* _Task to carry out_
Output the data word for word, dropping every image.

BEGIN Dataset excerpt

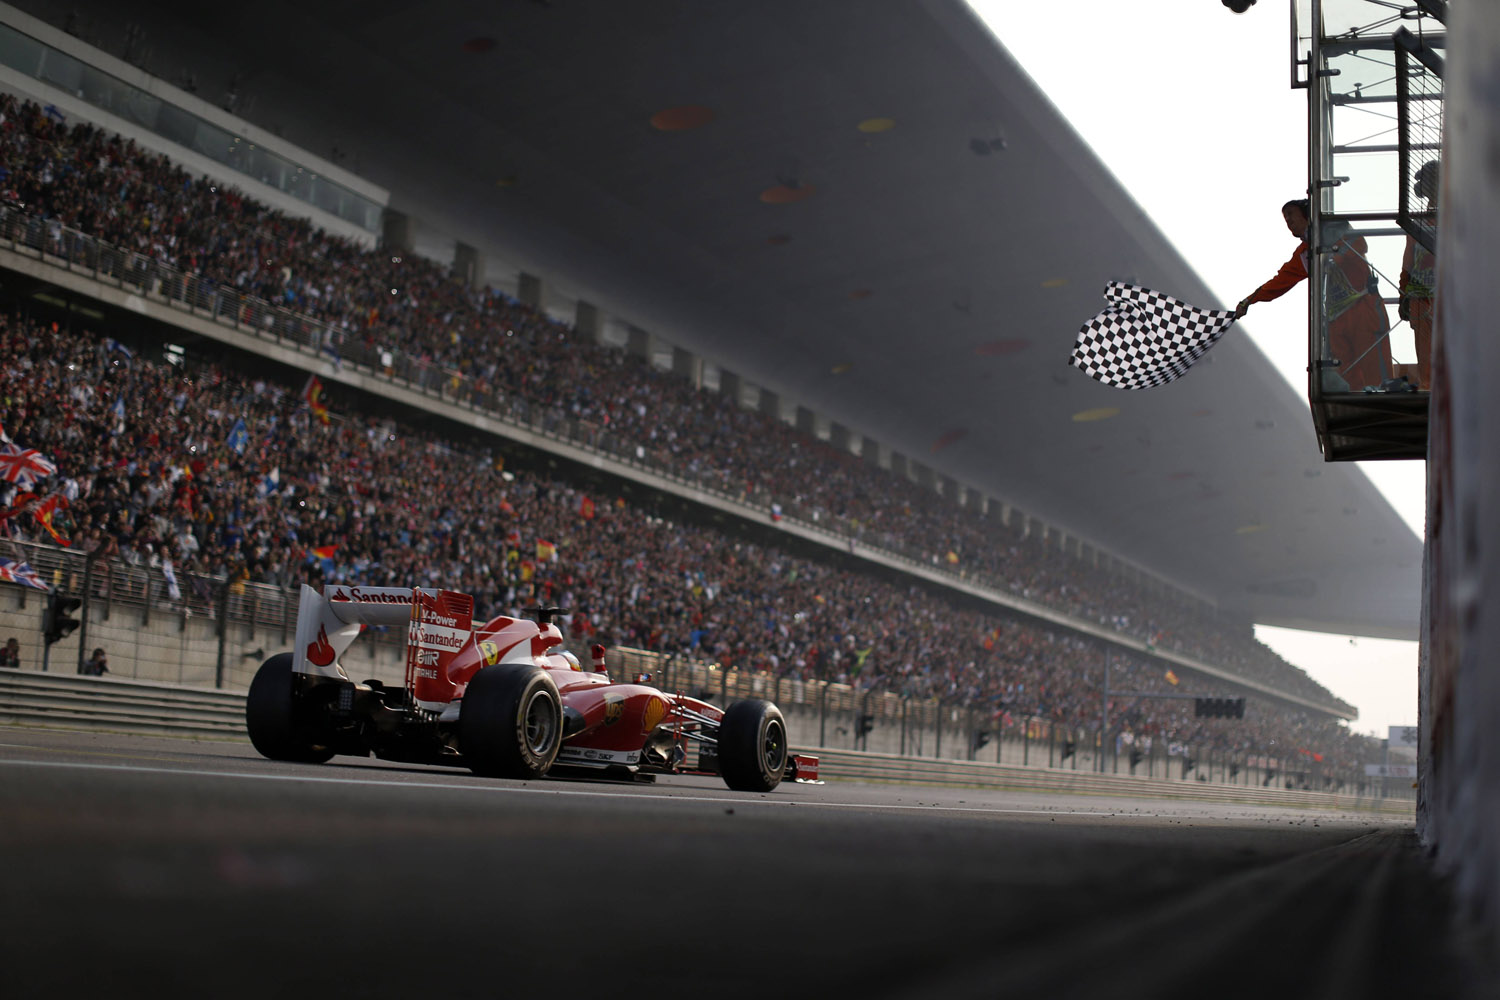 F1 2013 - Chinese Grand Prix - Alonso Wins
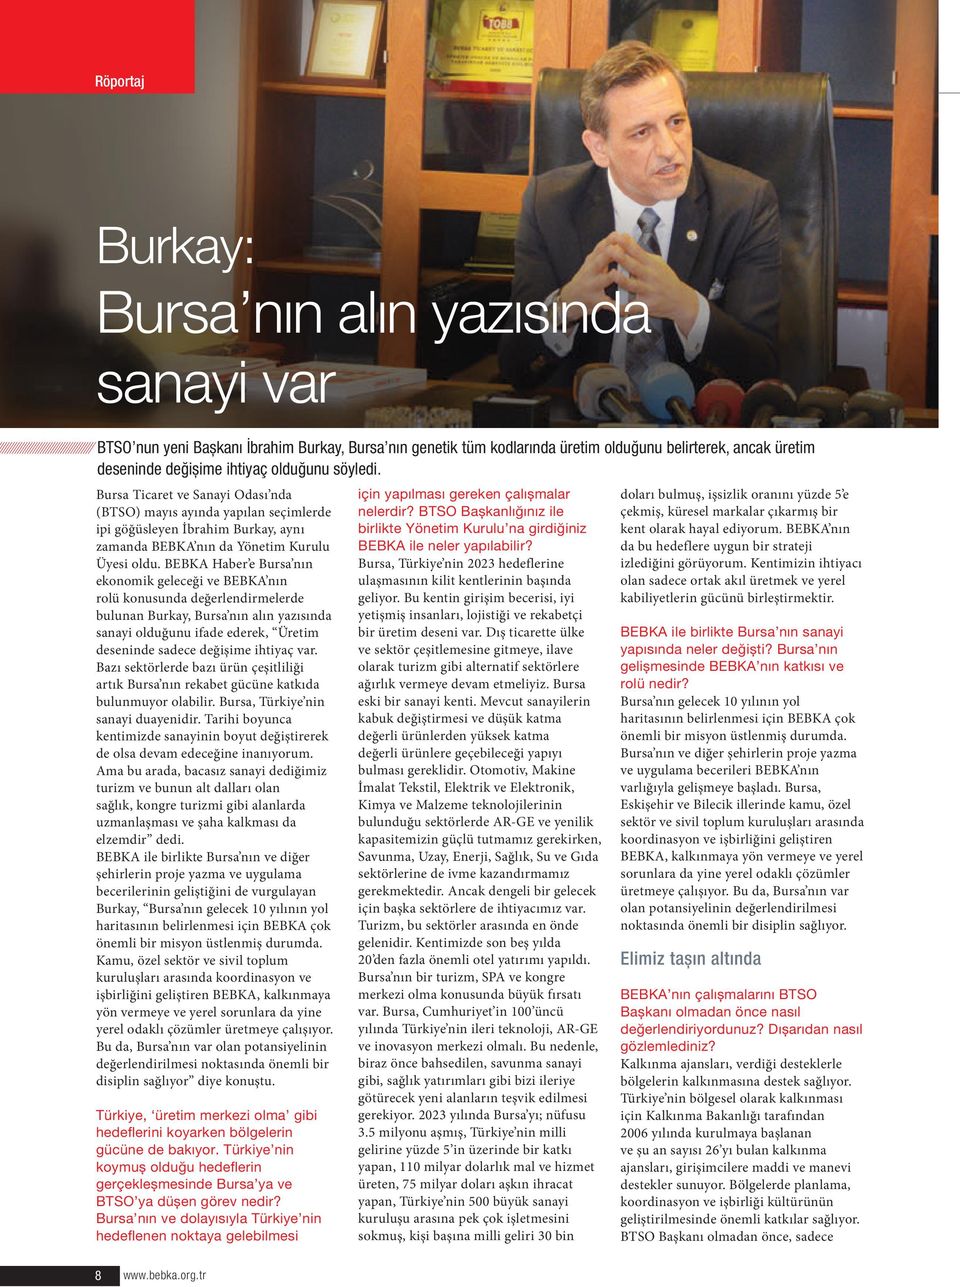 BEBKA Haber e Bursa nın ekonomik geleceği ve BEBKA nın rolü konusunda değerlendirmelerde bulunan Burkay, Bursa nın alın yazısında sanayi olduğunu ifade ederek, Üretim deseninde sadece değişime
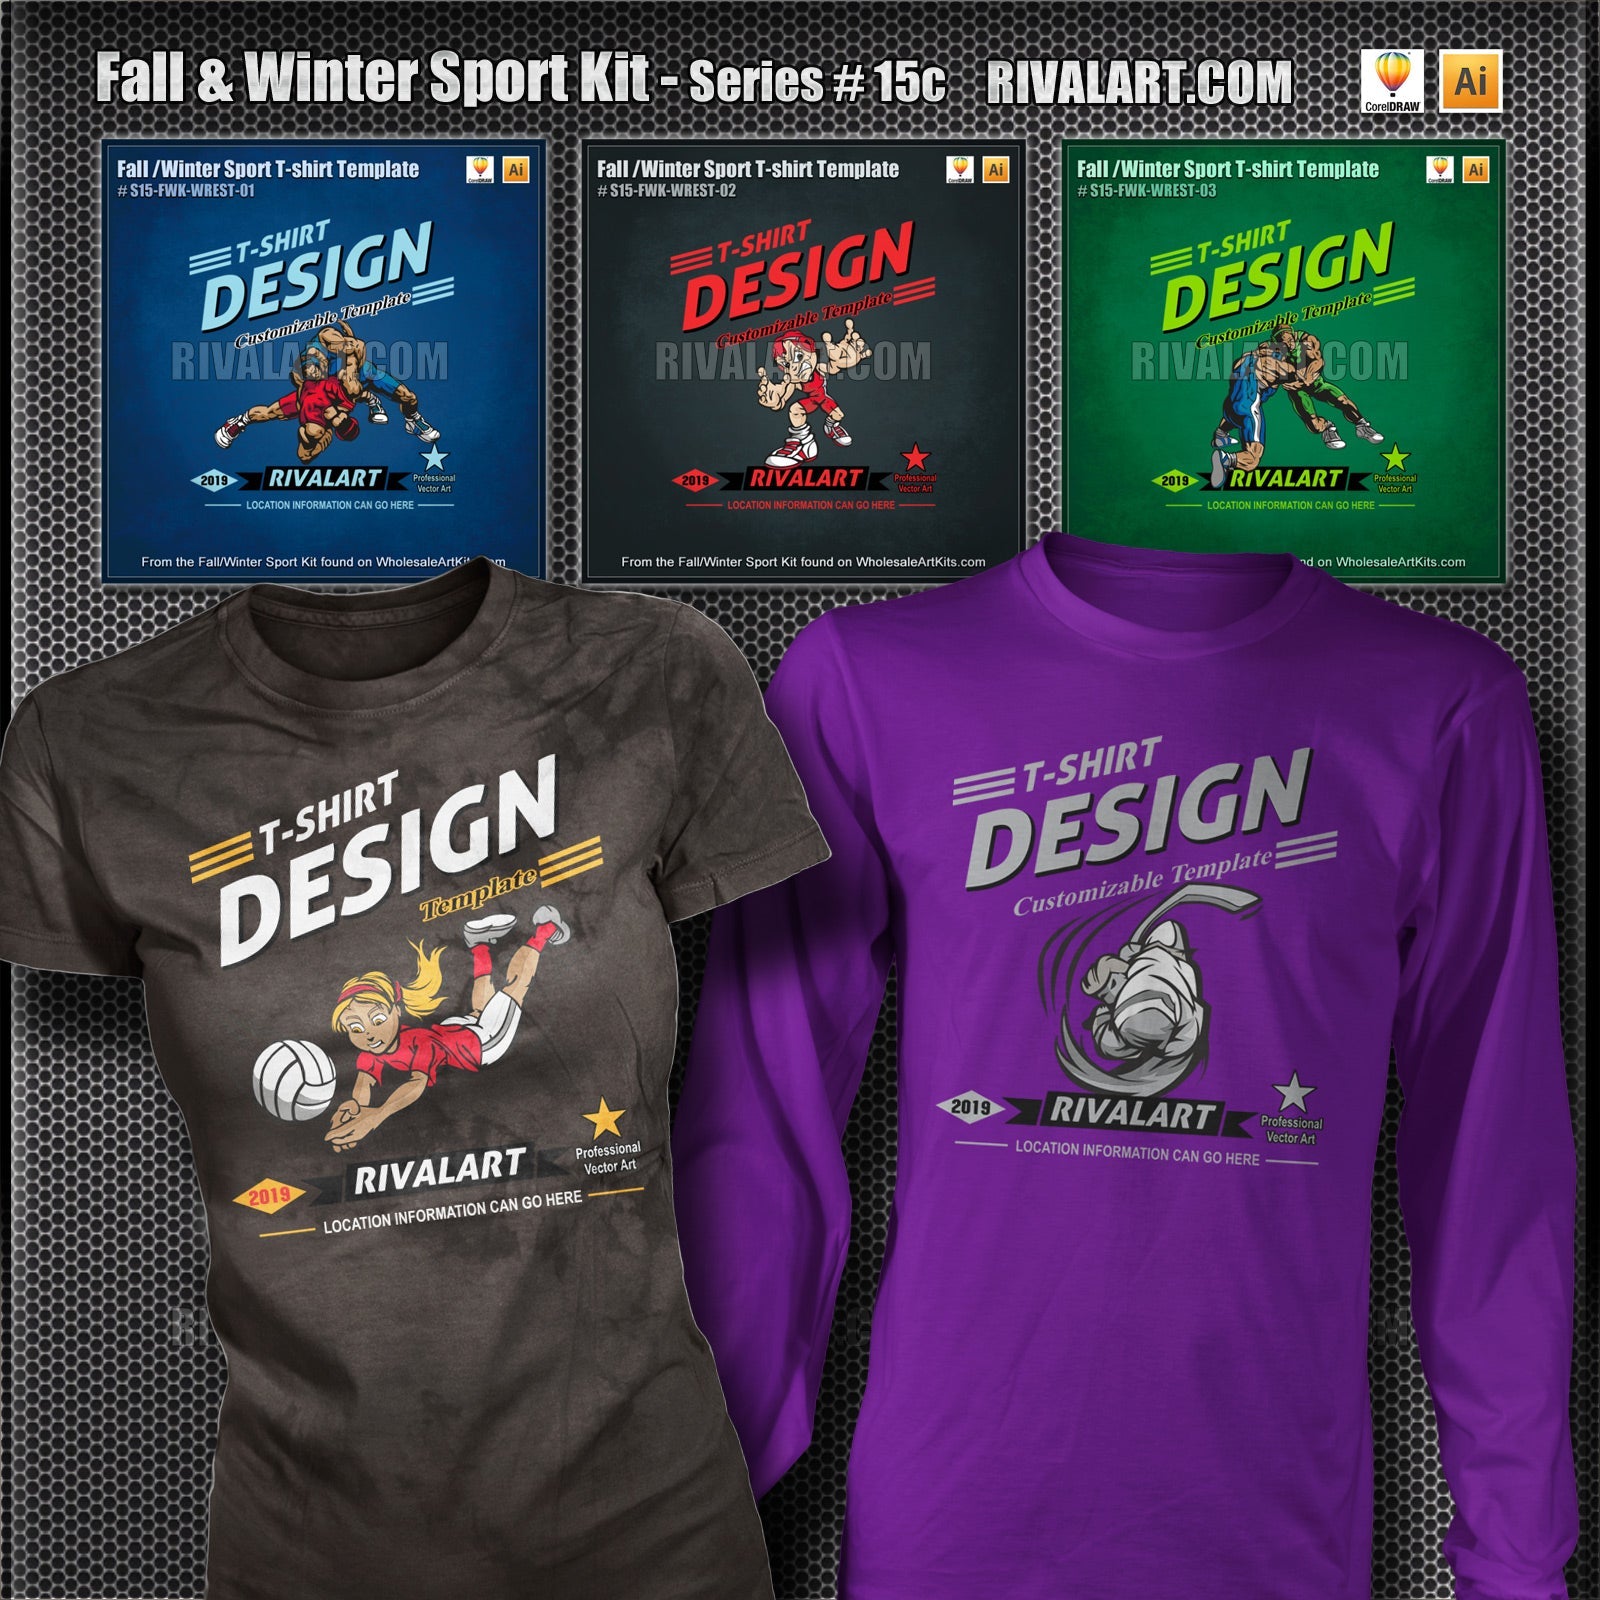 Fall & Winter Sport Kit Bundle for Adobe Illustrator

END Dataset excerpt

* _Solution to this problem_
 F1 2013 - Chinese Grand Prix - Alonso Wins
 BEBKA Haber e Bursa nın ekonomik geleceği ve BEBKA nın rolü konusunda değerlendirmelerde bulunan Burkay, Bursa nın alın yazısında sanayi olduğunu ifade ederek, Üretim deseninde sadece değişime
 Fall & Winter Sport Kit Bundle for Adobe Illustrator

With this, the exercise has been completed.